- Born: October 16, 1909 New York City, U.S.
- Died: December 27, 2006 (aged 97) Glenview, Illinois, U.S.
- Education: Columbia University
- Scientific career
- Fields: Neurology, psychology
- Workplaces: University of Iowa
- Doctoral advisor: Carney Landis
- Doctoral students: Albert Bandura

= Arthur Lester Benton =

American neuropsychologist and professor

Arthur Lester Benton (October 16, 1909 – December 27, 2006) was an American neuropsychologist and Emeritus Professor of Neurology and Psychology at the University of Iowa.

== Biography ==
He received his A.B. from Oberlin College in 1931, his A.M. from Oberlin College in 1933 and his Ph.D. from Columbia University in 1935. He acquired his training as a psychologist at the Payne Whitney Psychiatric Clinic of New York Hospital. Early in 1941, Benton volunteered for service in the U.S. Navy and was commissioned as a lieutenant in the medical department. His active duty lasted until 1945, followed by many years of service in the U.S. Navy Reserve, retiring at the rank of captain. In 1946 Benton accepted an appointment as associate professor of Psychology at the University of Louisville. In 1948, he moved to the University of Iowa as professor and director of graduate training in clinical psychology.

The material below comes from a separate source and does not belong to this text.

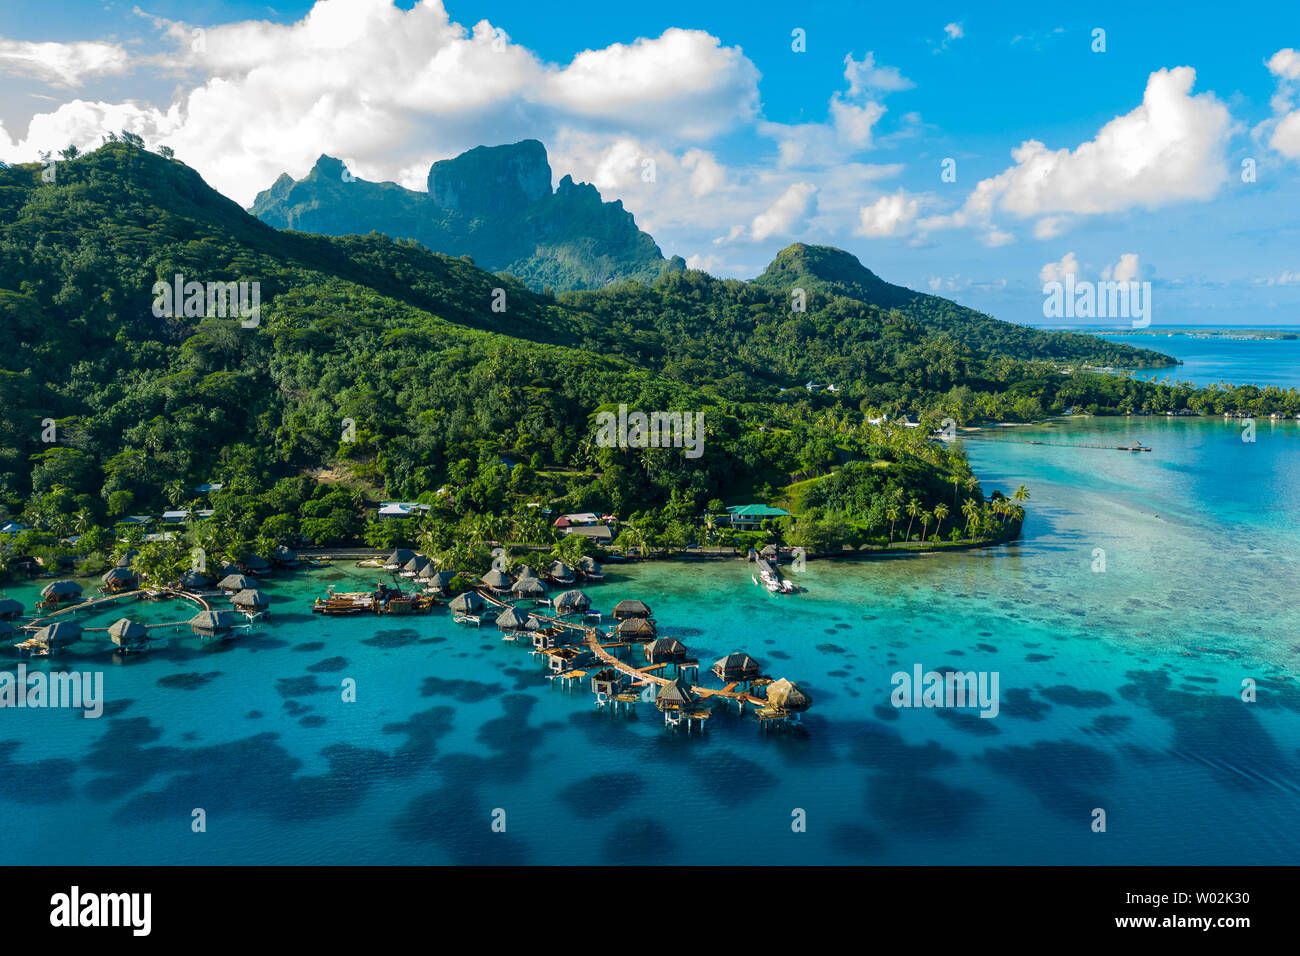 Bora Bora vidéo drone aérien de voyage vacances paradise bungalows sur pilotis avec luxury resort, coral reef lagoon ocean beach. Le Mont Otemanu, Bora Bora, Polynésie Française, Tahiti, l'océan Pacifique Sud Banque D'Images

In 1958 he became professor of psychology and neurology, retiring in 1978, at which time the Benton Laboratory of Neuropsychology in the Division of Behavioral Neurology was dedicated. At Iowa he supervised 46 doctoral dissertations and 24 master's theses. He was the author of numerous books and the creator of a number of neuropsychological testing instruments, including the Benton Visual Retention Test (BVRT).He was the husband of the late Professor Rita Benton, Professor of Musicology at the University of Iowa, and father of Raymond Stetson Benton, Abigail Benton Sivan, and Daniel Joseph Benton.